Она прижалась щекой к его шее, вдохнула его аромат, ощутив прохладу его кожи. Она была не лучшим советчиком, но знала, что объятия порою лучше любых слов. И это было проще простого, заботиться о нем, понимать, что их отношения из дружеских переросли во влюбленность, и в будущем, смогли бы перейти в глубокую привязанность.
— Ты о чем-нибудь сожалеешь?
Прошло несколько секунд, прежде чем он ответил.
— Нет.
— Если бы ты мог вернуть время вспять, ты что-нибудь изменил бы?
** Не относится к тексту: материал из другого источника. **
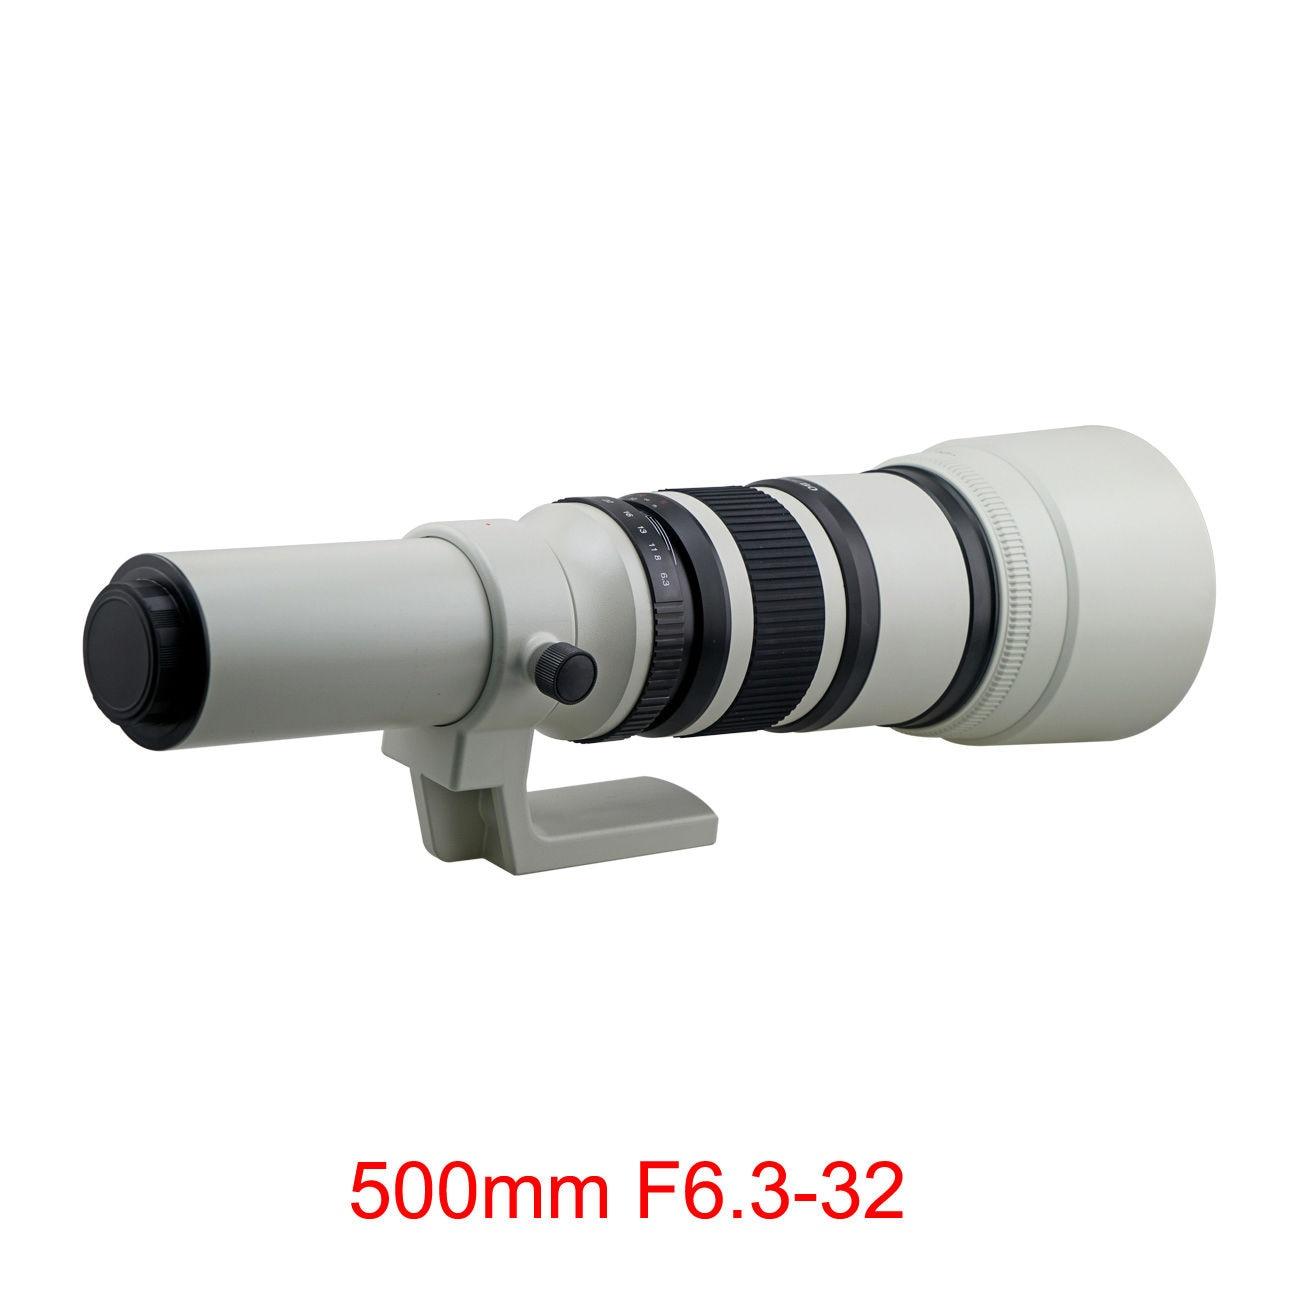 500mm F6.3-32 T Mount Telephoto LENS white for Sony NEX A7 A7R A7II A7S A7R A3000 A5000 A6000 RX100 HX50 HX400 camera
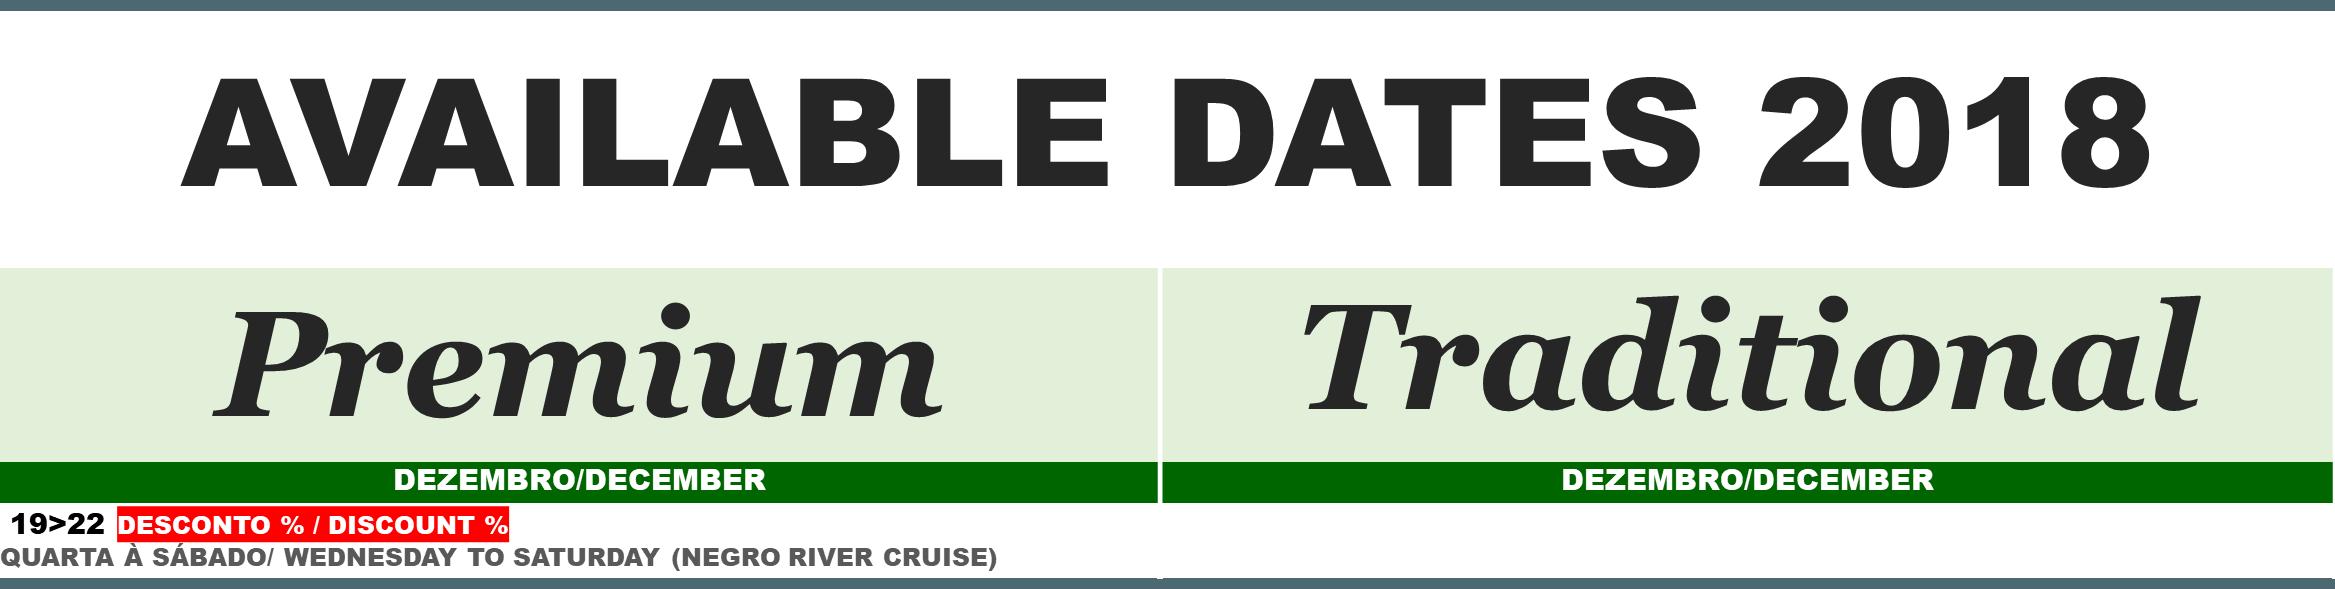 DATAS DISPONÍVEIS SITE 2018 28.11.18

На этот вопрос он ответил быстро, отрицательно качая головой.
— Нет.
— Ты когда-нибудь оглядывался на прошлое, работая в скорой помощи, думал ли, что сделал что-то неправильно?
— Это не то…
— Нет. Не то. Абсолютно. — И именно это он должен понять. — Конечно, условия были другими. Другие травмы. Ты не накладывал кровоостанавливающий бинт в палатке. Но ты имел дело со всем этим, принимал жизненно важные решения. Эта часть осталась той же.
— Пациенты в скорой не были парнями, которые отдавали жизни за свою страну.
— Но некоторые пожертвовали жизнями ради жизни их семей. Начиная с домашнего насилия и заканчивая резней ножом? Может, ты заботился об офицере полиции, которого подстрелили, или пожарном, который упал в горящем здании.
Когда он не ответил, она продолжила.
— Разве эти люди не герои? Они служат обществу, своим семьям, а не общей цели. Но это служба. И она бескорыстна. И ты всегда будешь героем из-за того, что сделал. Не важно, где ты вскрывал грудную клетку.
Он немного повернул голову и улыбнулся ей.
— Что ты знаешь о кровоостанавливающем бинте?
— Я смотрю новости. Читаю газеты.
— И ты была черлидером1 в школе?
Она закатила глаза, но была рада снова увидеть его улыбку.
— Нет.
— Кружке ораторов?
В этот раз она шлепнула его по плечу.
— Я была единственным ребенком, чьи родители отказывались баловать его, поэтому я научилась убеждать их, когда мне что-то было нужно.